A gut-and-amend bill to exempt a multimillion-dollar Los Angeles law enforcement communications project from environmental review was sent to the governor Friday night.
Assembly Bill 1486 cleared its final legislature hurdle in the Assembly, 59-1, receiving bipartisan support.
The measure by Assemblyman Ricardo Lara, D-Bell Gardens, is touted as a way to expedite construction of an $80 million voice and data communications system for the region's 34,000 first responders.
Supporters of the project say the ability for emergency service providers to communicate with each other is particularly acute in the Los Angeles region, which has over 50 law enforcement agencies and 31 fire departments.
AB 1486 was subject to little public scrutiny, however. It was amended to contain the CEQA exemption Aug. 24, just one week before the Legislature adjourned for the year Friday. Previously, the bill was a placeholder for budget-related legislation.
Lara's proposal would provide an exemption from California Environmental Quality Act review for the design, site acquisition, construction, operation or maintenance of certain elements of the communications project.
AB 1486 potentially could hasten construction of 239 tapered monopoles and dozens of land mobile radio systems, known as LMRs.

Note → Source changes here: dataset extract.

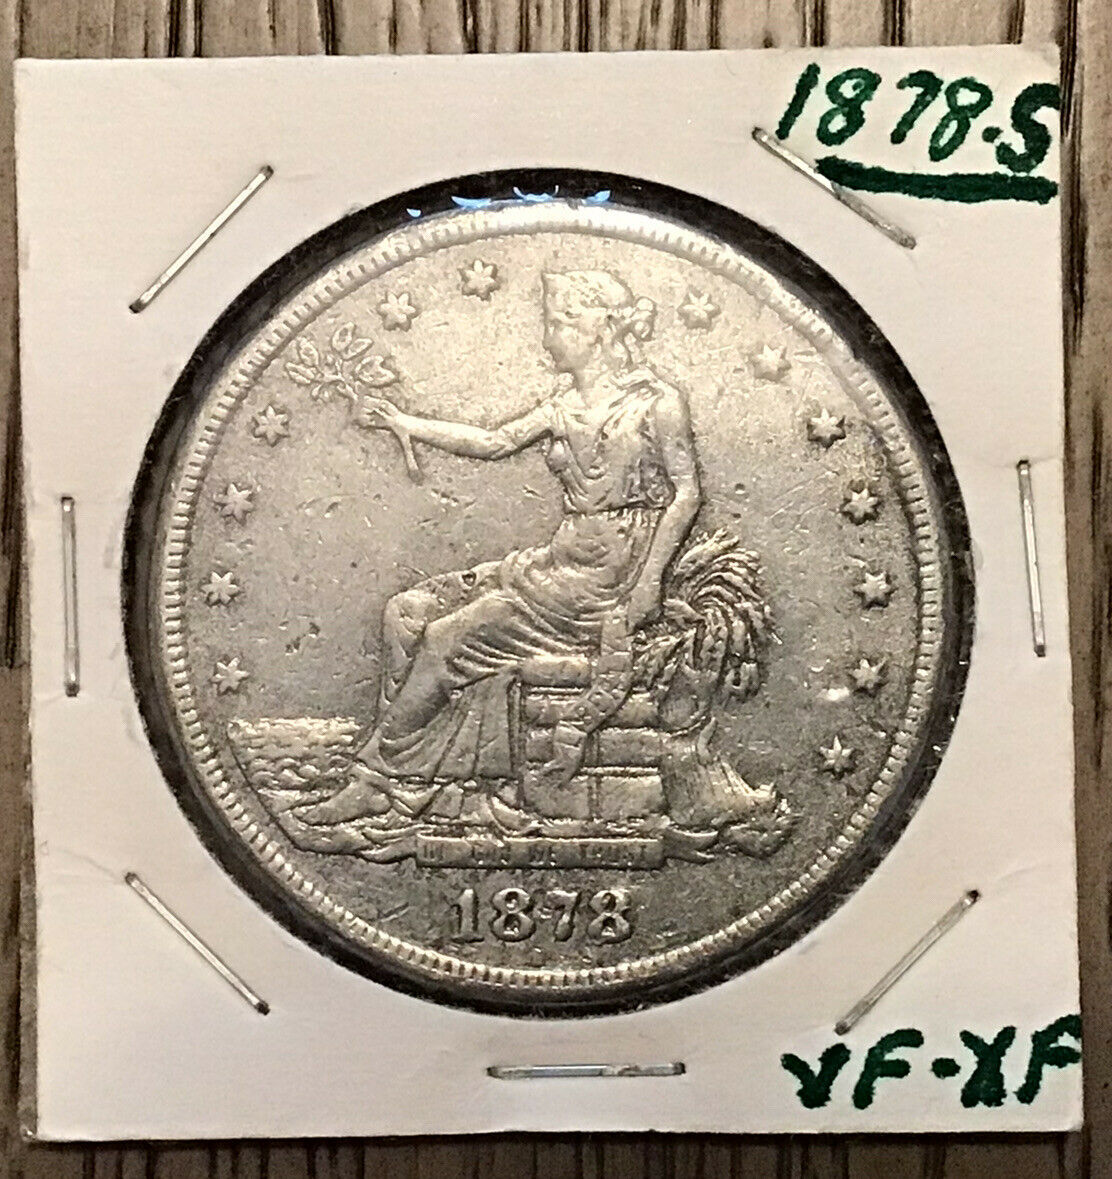 1878-s Silver Trade Dollar Circulated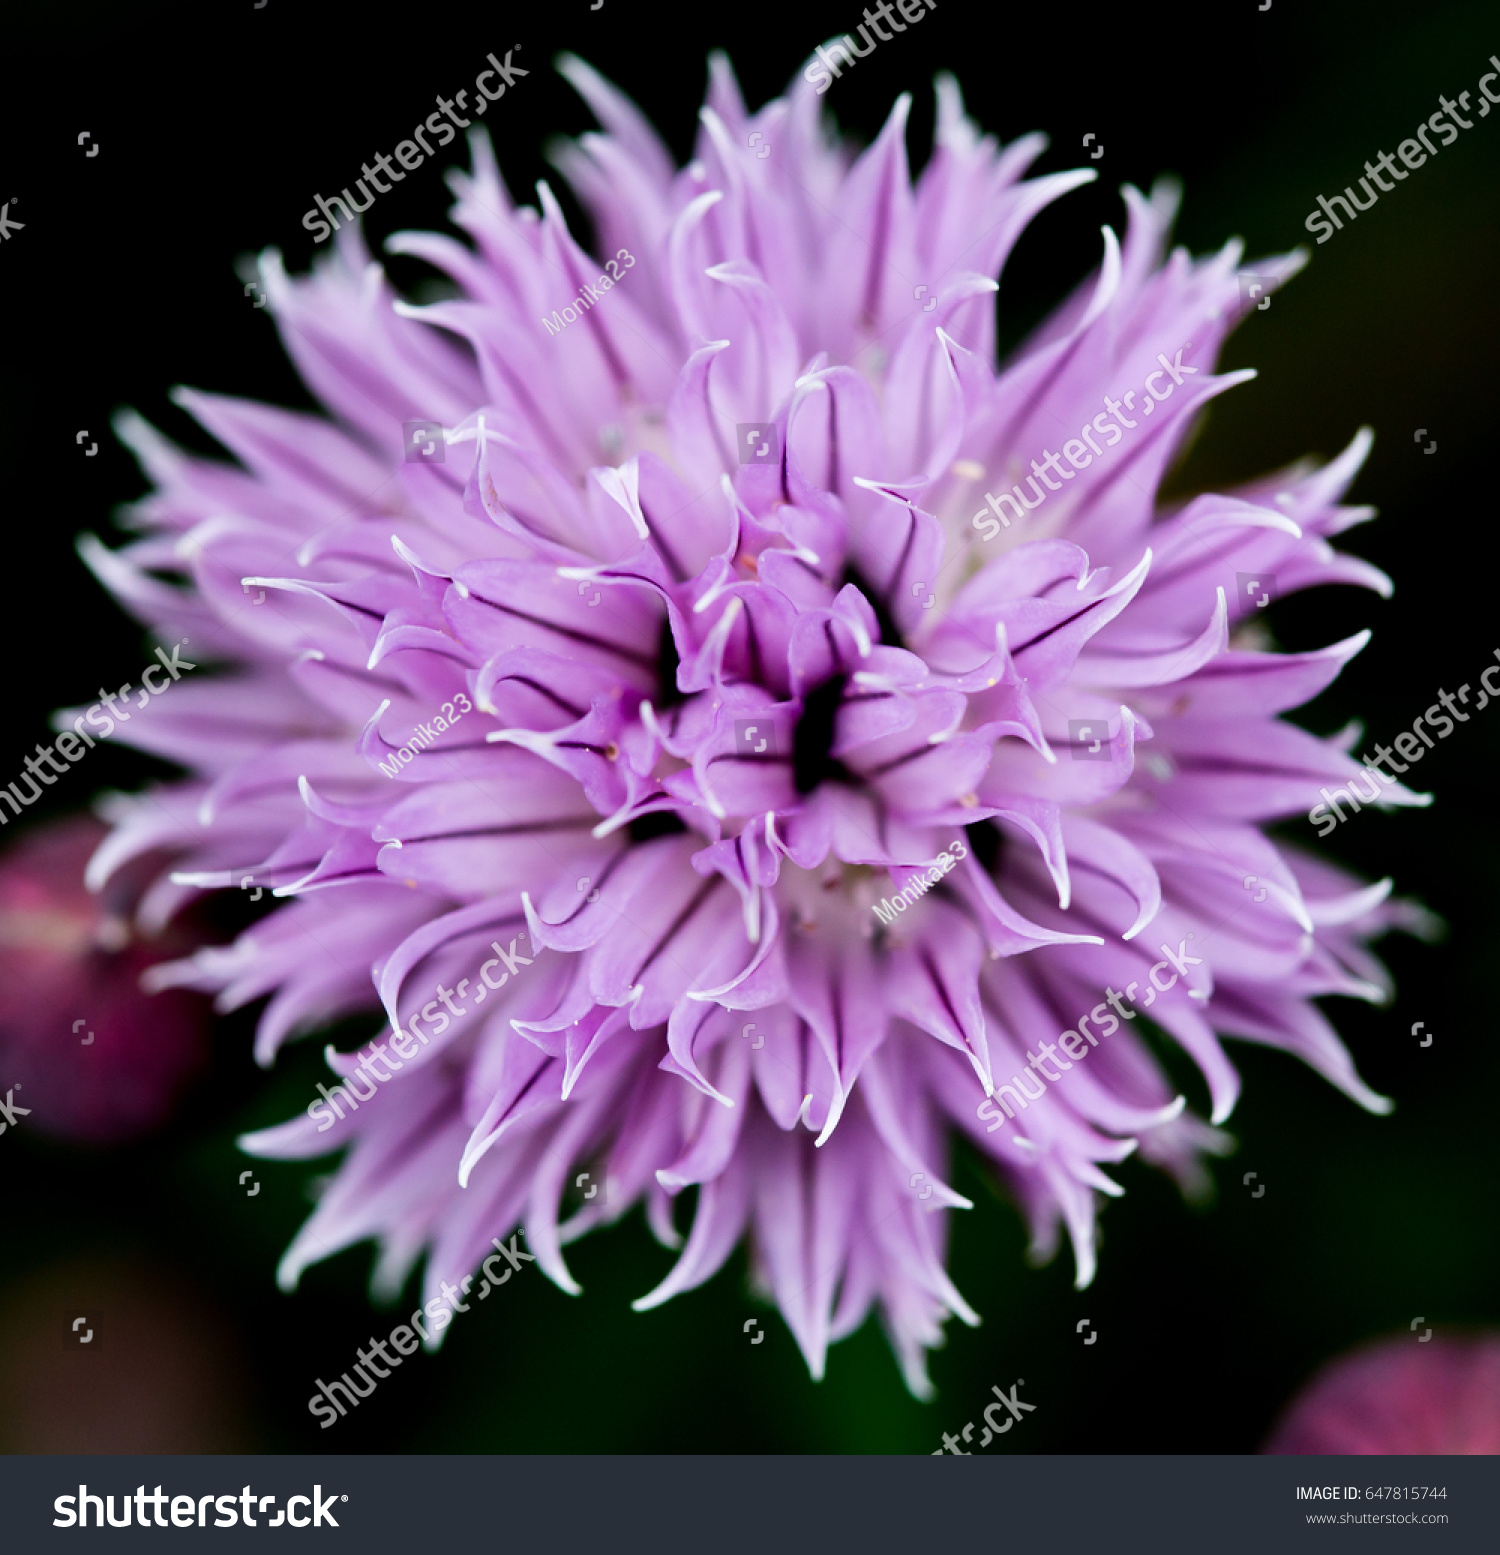 Allium Flower Buds Garden Stock Photo Edit Now 647815744

Both elements of the communications system would hold antennas, microwave dishes and other components.
The exemption would apply only if certain conditions were met - for example, if there would be no substantial adverse impact on wetlands, riparian or historical areas, and if operation of the project would meet Federal Communications Commission standards.
Supporters contend the exemption is necessary to ensure that the project, the Los Angeles Regional Interoperable Communications System, can be built quickly enough to meet strict deadlines for accessing millions of dollars in federal grants.
Opponents counter that the massive communications system is precisely the kind of project that warrants environmental review.